Zum andern freut Früh die gesteigerte Nutzung der Arena. Das als «Schnellschuss» organisierte Open-Air-Kino könne dank Vorteilen wie Wettersicherheit bereits 2012 zum Erfolg werden. Ebenso entwickle man «ein Gespür für Qualität» bei Gastspielen: Die Auftritte von Dortmund und Spanien/Chile brachten Erträge von bis zu 200 000 Franken, derweil bei Southampton ein Verlust von 50 000 resultierte. Zudem dürfe das Publikum mit Konzerten von «Top Acts» rechnen, auch wenn das Zeitfenster knapp sei und der Rasen abgedeckt werden müsse.

«Diesen Sommer waren wir bereits haarscharf dran», sagt Früh und erzählt von Plänen für «etwas Verrücktes», das demnächst vorgestellt werde: «Wir müssen an allen Schrauben drehen und Unmögliches möglich machen.»

Aufstieg und Sicherung

Erstmal müsse man aufsteigen, sagt Früh: «Entgegen der riesigen Erwartungshaltung wäre das eine grosse Leistung. Von wegen <Krösus> – wir haben vier, fünf starke Konkurrenten mit vergleichbaren Budgets.» Dass der Zuschauerschnitt nicht mehr wie in der ersten ChL-Arena-Saison 12 500, sondern eher 10 000 beträgt, kommentiert er mit einem Schulterzucken: «Das hängt immer von der spielerischen Attraktivität der Mannschaft ab – man schaue ins halbleere Basler Stadion bei der Schweizer Nati.»

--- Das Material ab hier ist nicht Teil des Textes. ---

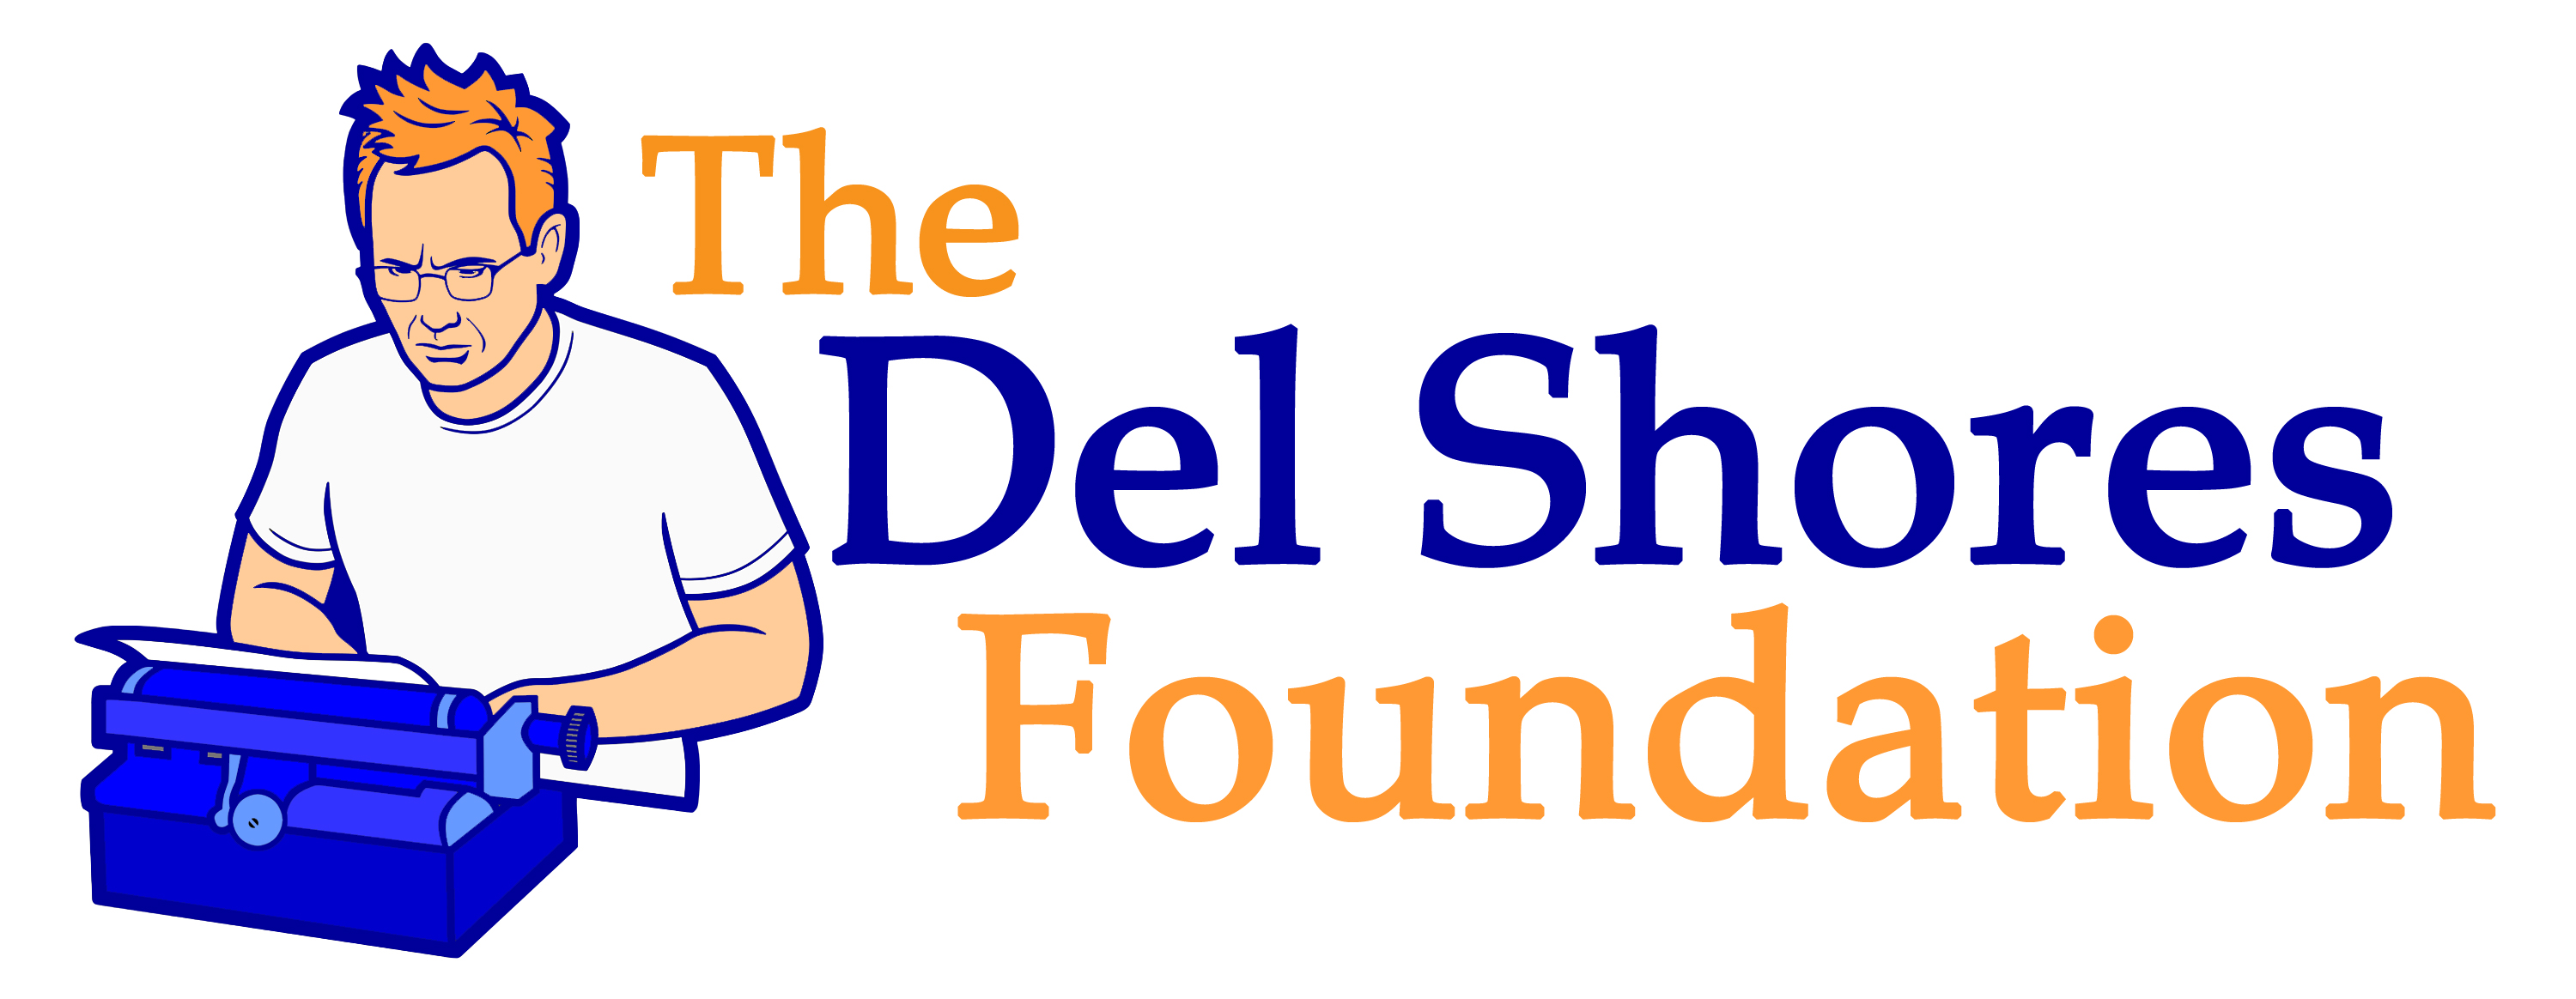 The Del Shores Foundation logo

Wie nachhaltig die Sanierung ist, wird sich in ein paar Jahren zeigen. Würden die Investoren denn ein zweites Mal einspringen? Vom Worst-Case-Szenario eines Nichtaufstiegs und weiteren Defiziten mag Früh nicht sprechen. Doch deutet er an, dass man «ja als Gruppierung» eingestiegen sei. Und von wegen schlechtestdenkbare Wendung: Vom Fall Neuchâtel war St. Gallen nicht weit entfernt, allerhand dubiose Interessenten standen schon vor der Tür.